■ Recorded information ■
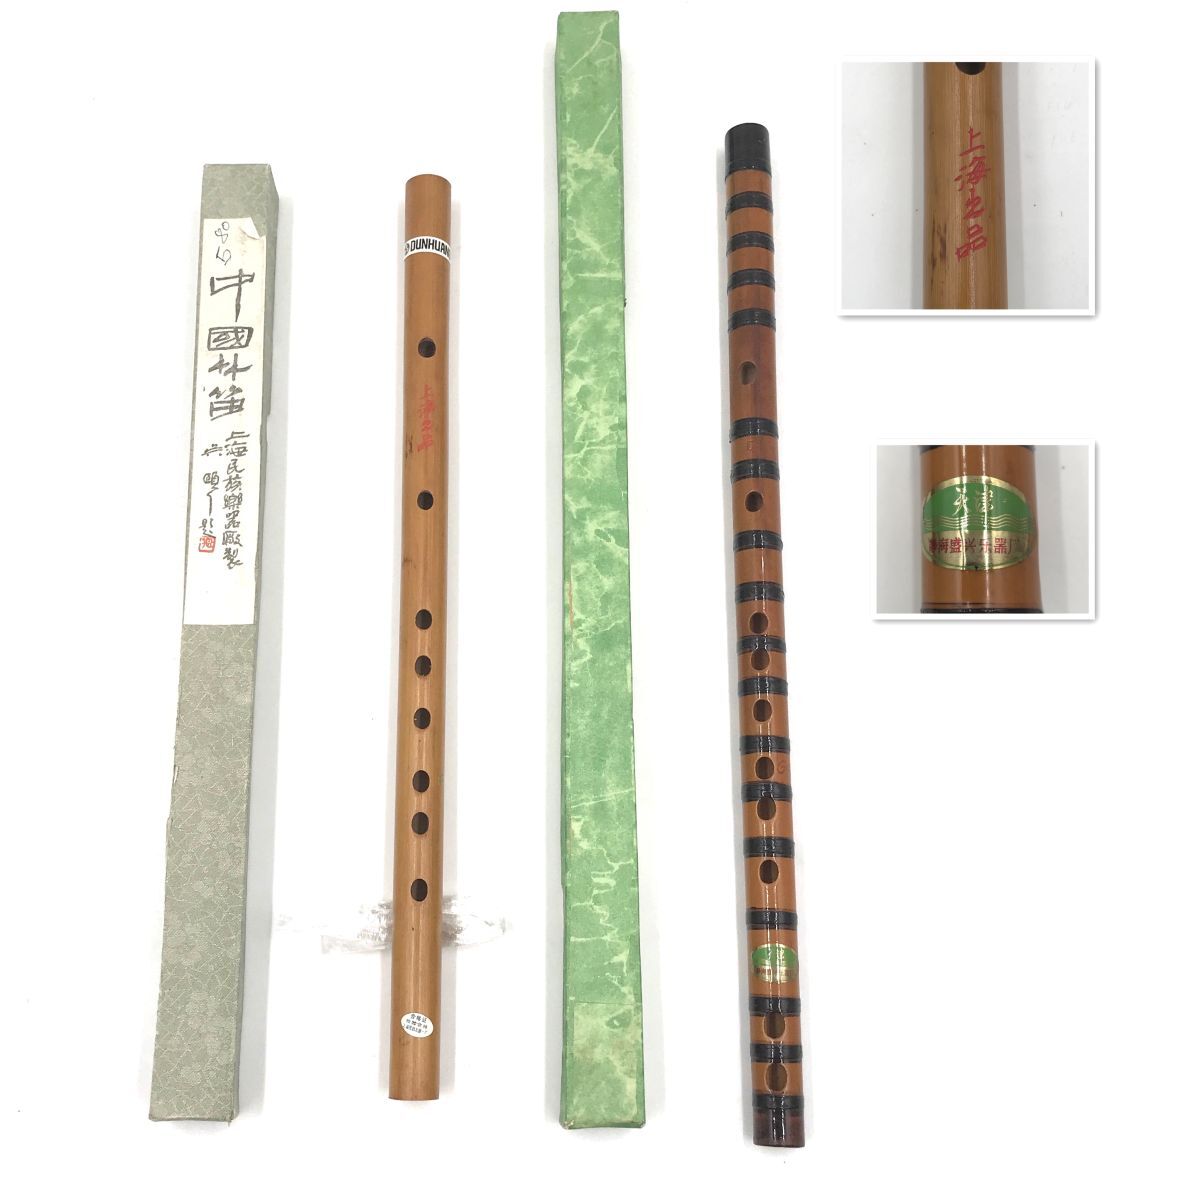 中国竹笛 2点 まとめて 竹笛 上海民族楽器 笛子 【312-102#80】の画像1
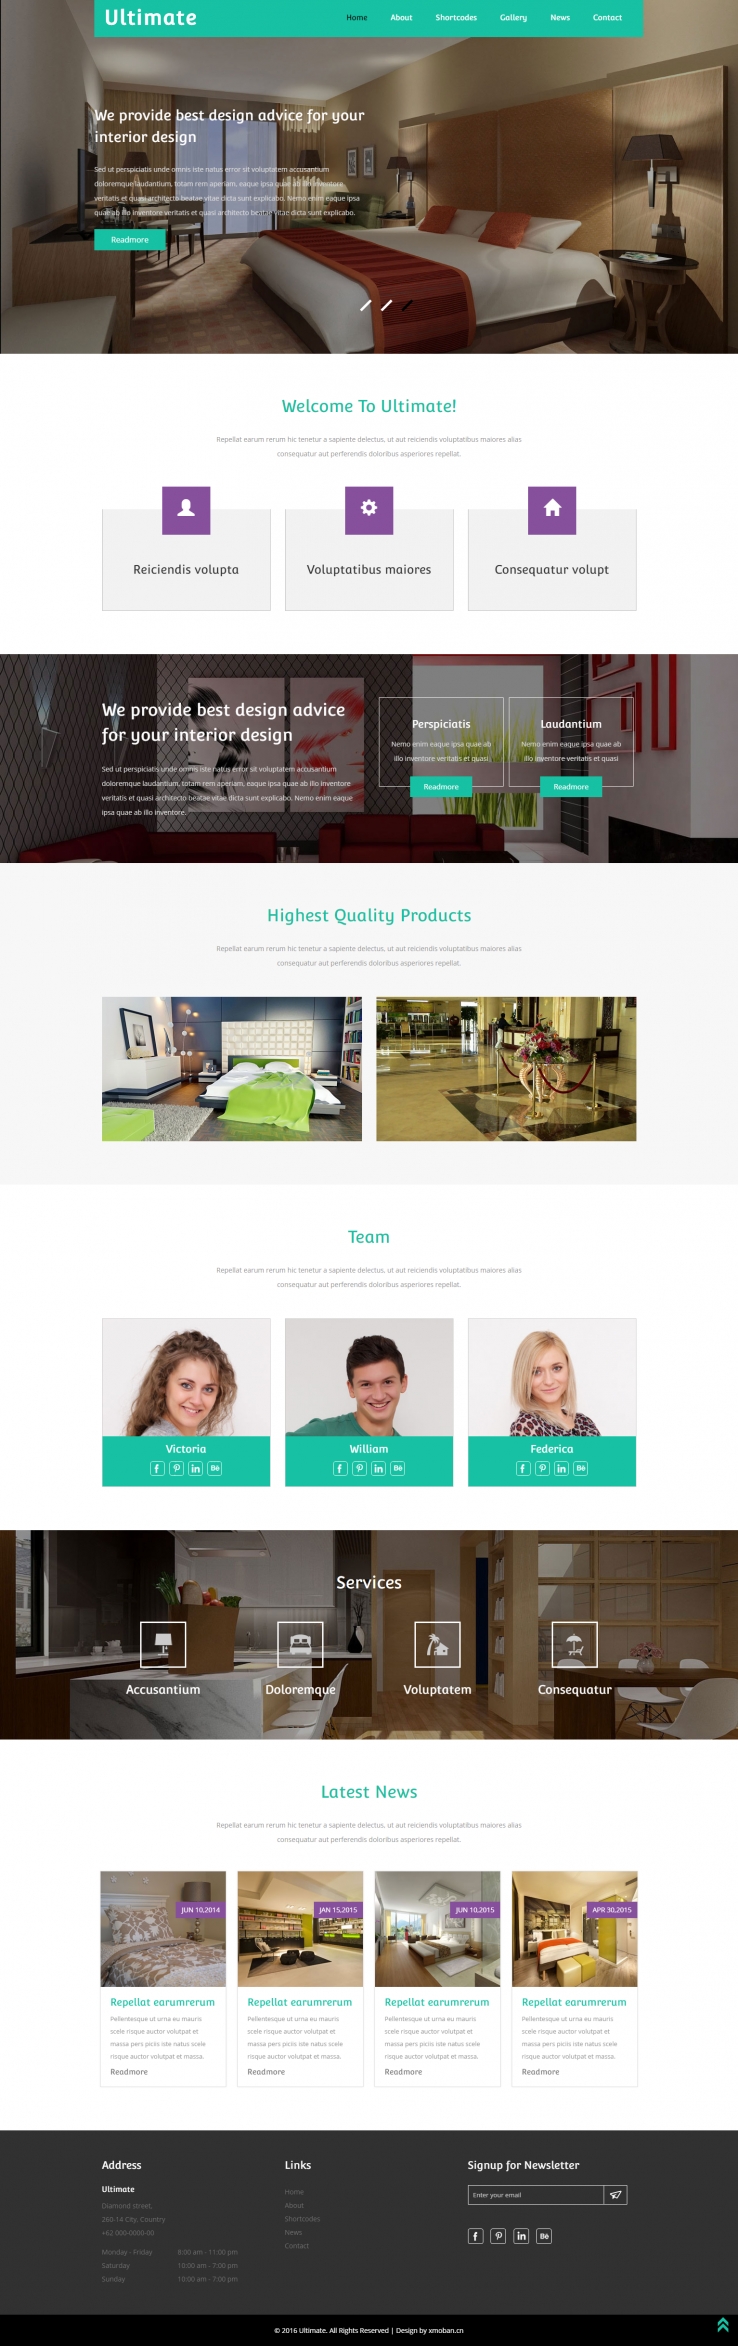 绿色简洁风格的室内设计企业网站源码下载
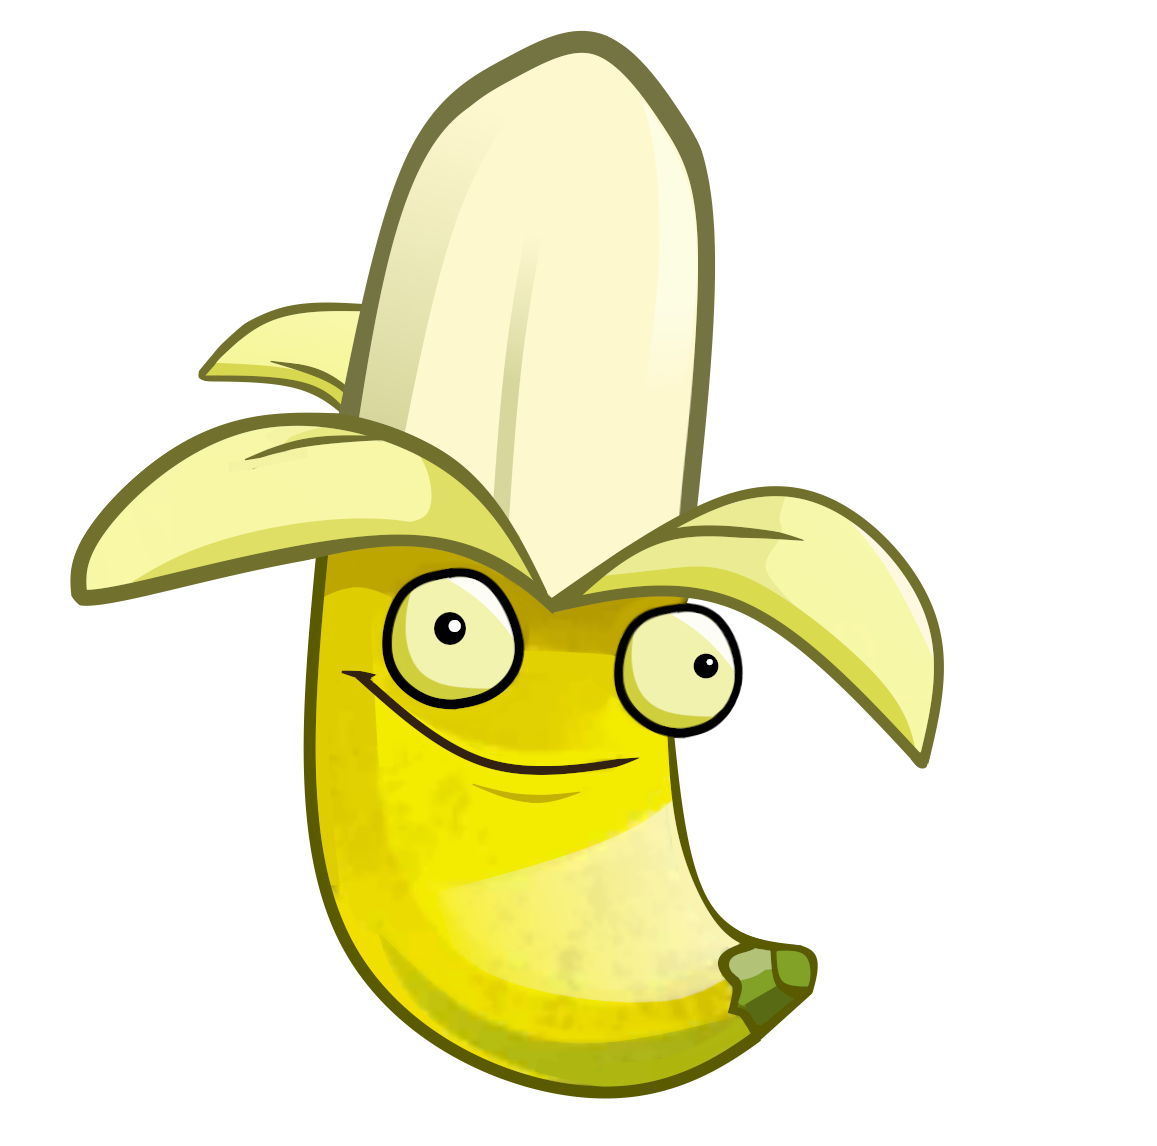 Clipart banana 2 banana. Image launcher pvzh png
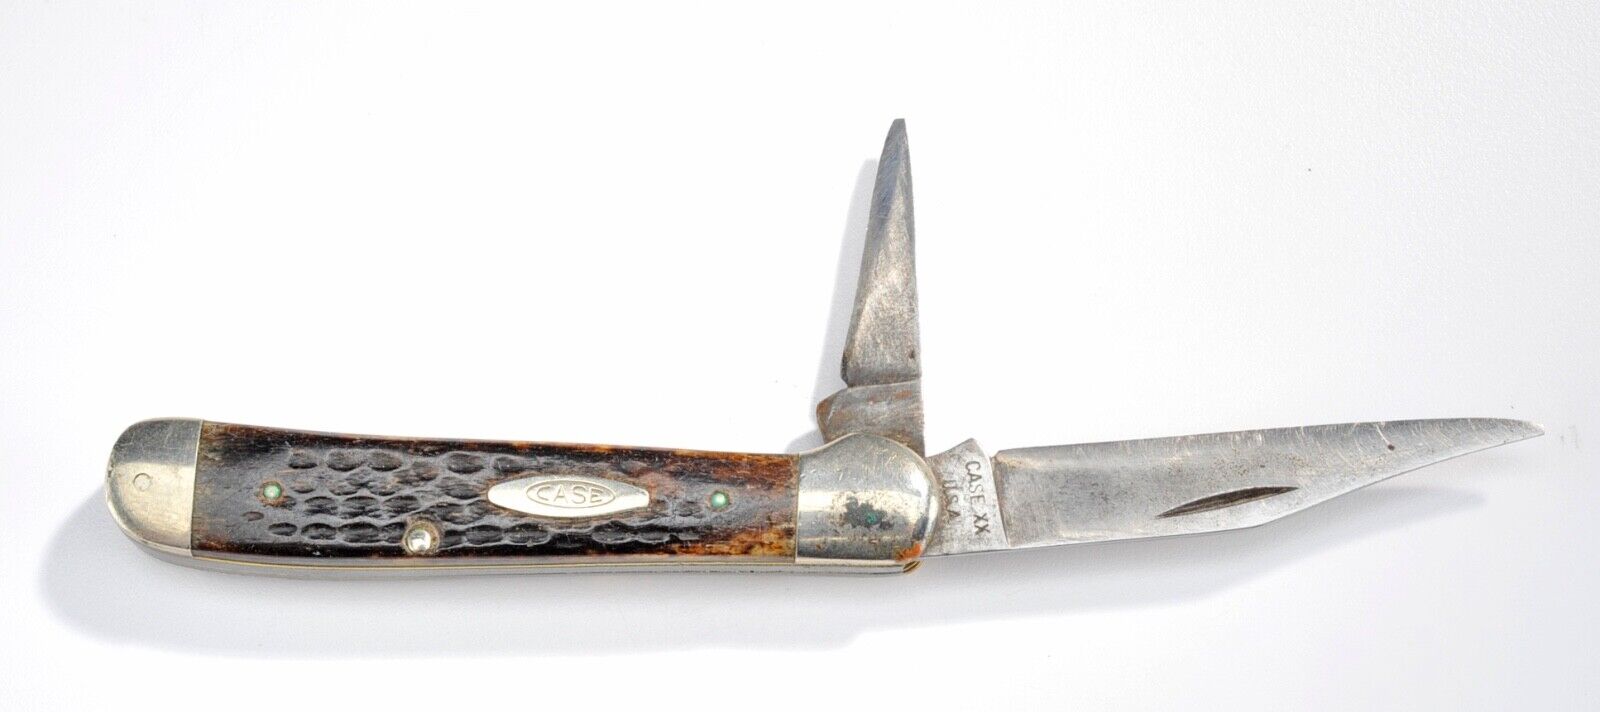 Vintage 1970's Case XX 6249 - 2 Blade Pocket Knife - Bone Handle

■ Exercise objective ■
Reproduce every line above exactly as written, omitting the images.

■ Reply to the exercise ■
 中国竹笛 2点 まとめて 竹笛 上海民族楽器 笛子 【312-102#80】の画像1
 绿色简洁风格的室内设计企业网站源码下载
 Clipart banana 2 banana. Image launcher pvzh png
 Vintage 1970's Case XX 6249 - 2 Blade Pocket Knife - Bone Handle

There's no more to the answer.